Some particularly noteworthy observations stand out amid this wealth of erudite analysis. One is the antithesis in the French mind between Athens and Sparta, as stereotypes of two competing models of civilization. Augustinos sees the inward-looking, disciplinarian Spartan model prevailing against the more cosmopolitan, mercantile Athenian one during the Renaissance and the prerevolutionary period, i.e., times of cultural and political realignments. Another interesting observation is that, ever since their first contacts with modern Greece, in the sixteenth and seventeenth centuries, French travelers seemed to feel entrusted with a “mission civilisatrice.” Augustinos borrows this phrase, not without irony, from the official discourse of nineteenth century colonialism. To these travelers, contemporary Greeks appeared backward, even in their religious practices. Icon worship, especially, was interpreted as a remnant of the pagan past, and modern Greece soon became a case of “the relation between paganism and Christianity” (73).
The author grants special importance to Chateaubriand, among these French travelers and self-proclaimed “cultural missionaries.” In his Itinéraire de Paris à Jérusalem, the patriarch of French romanticism, according to Augustinos, appears particularly obsessed with the gap between “eternal” Greece and the contingencies of its contemporaneous reality. “Never see Greece,” he wrote to a friend in 1806, “except in Homer. It is the best way.” This quote echoes an old theme in French letters, but one that was more often associated with Rome, and best illustrated in Du Bellay’s Regrets.

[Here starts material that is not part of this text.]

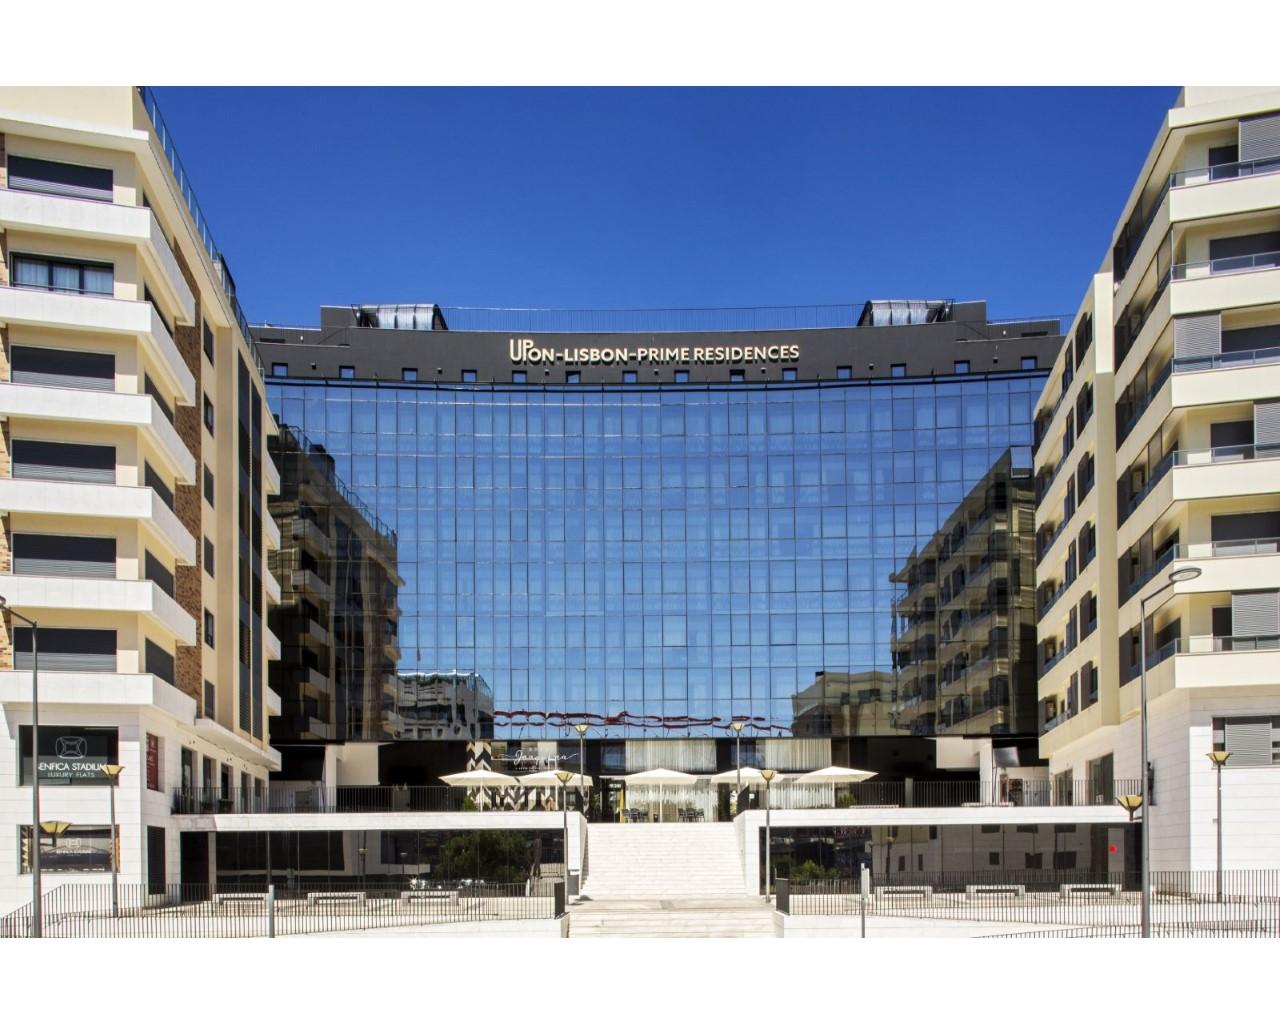 Upon Lisbon Prime Residences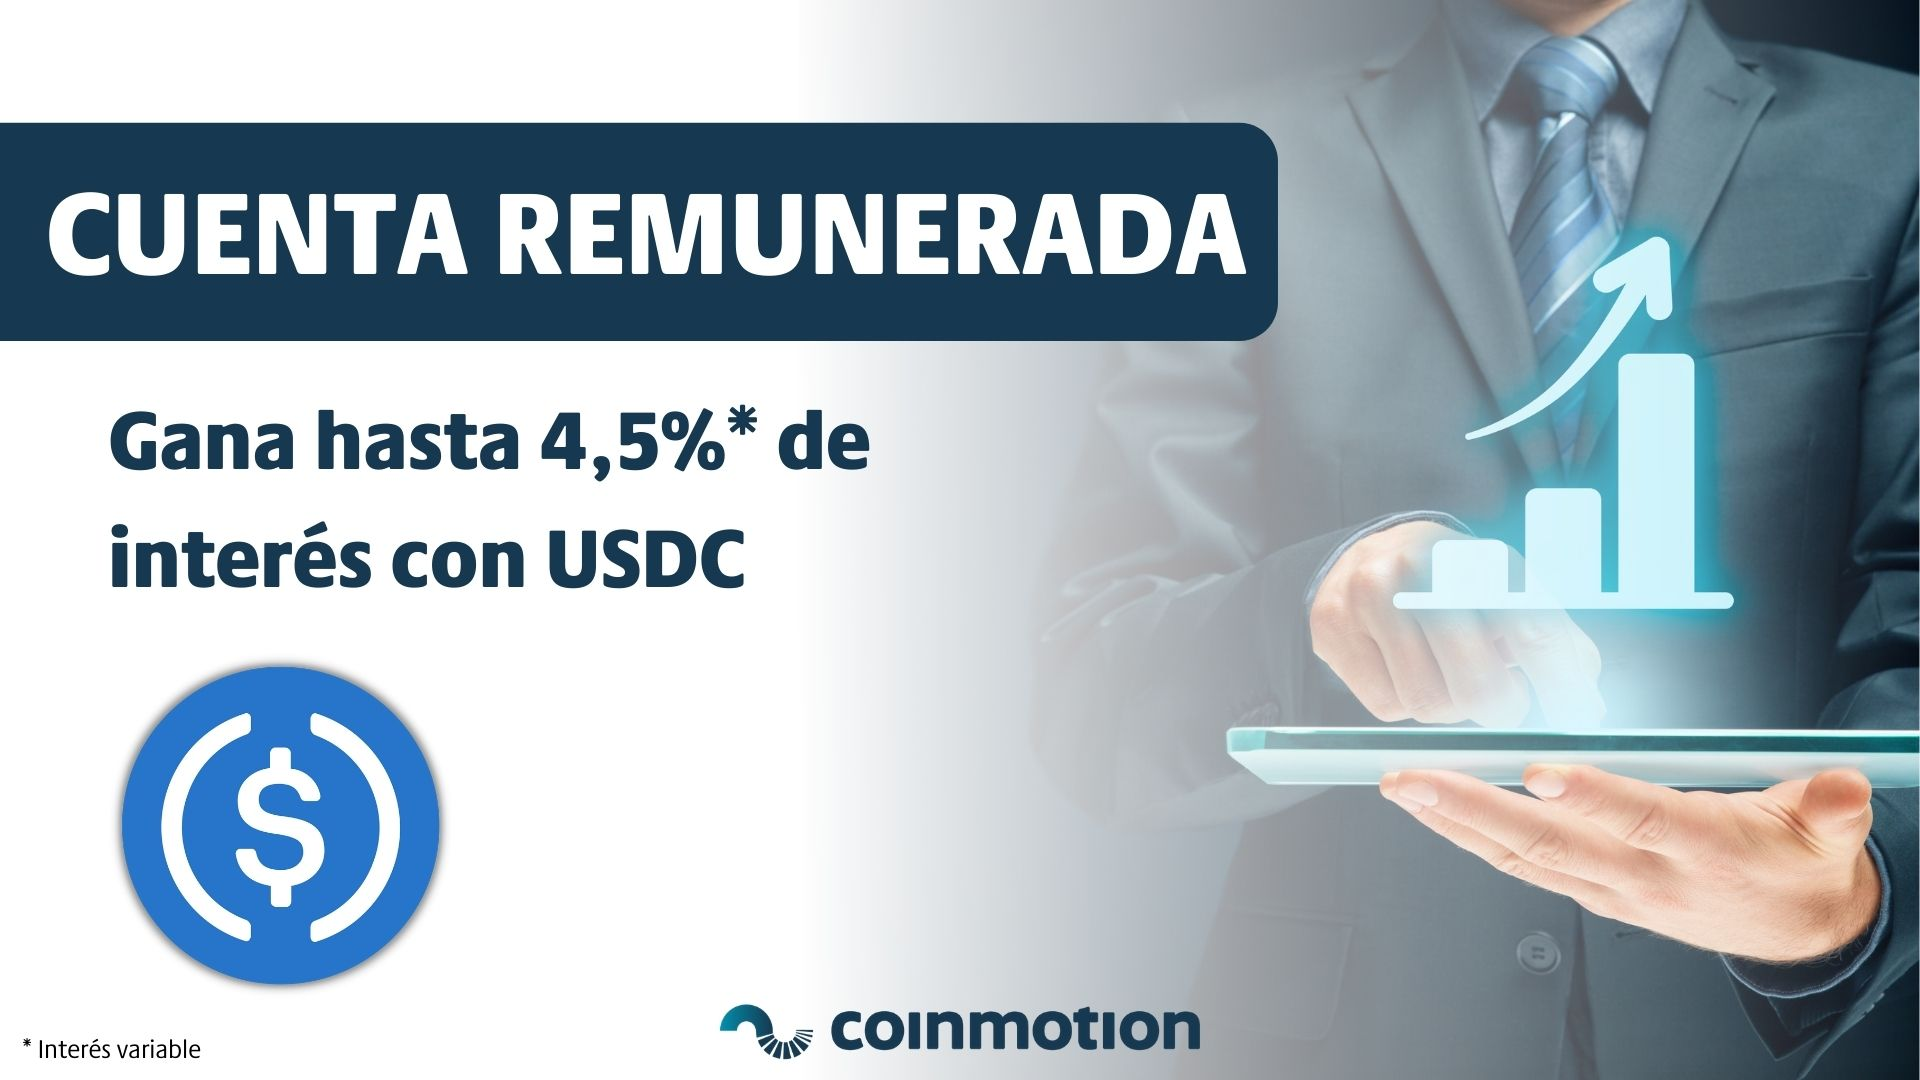 Cuenta remunerada USDC 4,5% interés anual Coinmotion

Yet, despite Chateaubriand’s disenchanted views, the author credits the romantic generation with turning traditional hellenism into a modern philhellenism, which acknowledged Greece as a living nation, not a mere museum of past glories, and created sympathy for the Greeks’ war of liberation in 1821. In the last chapter of the book, which deals with this period, it is surprising that Lord Byron is mentioned only in footnotes, whereas the English poet-dandy-traveler’s prestige among French intellectuals was considerable, and his participation in the Greek war, for all its romantic showmanship, probably stimulated this generation’s sympathy for the Greeks, a sympathy vividly expressed in Hugo’s poetry and Delacroix’s painting. One may also regret that most quotes are given only in translation. The French original would have been useful, and, in some cases, necessary.
But these are minor points. There is little to criticize in this well-researched, well-organized study, which reflects a solid expertise in both Greek and French cultural histories. Augustinos manages to show how the “rejection of Greek contemporary reality” by many of these French travelers, “was a sort of historical bovarysme induced by overreading” (166). Like Flaubert’s heroine, they put their own paradigm of reality before their first-hand experience of it, until finally, after the Greeks shed the Turkish yoke, with some help from European allies, including France, there could be, in Augustinos’s words, “rebirth amid the ruins.”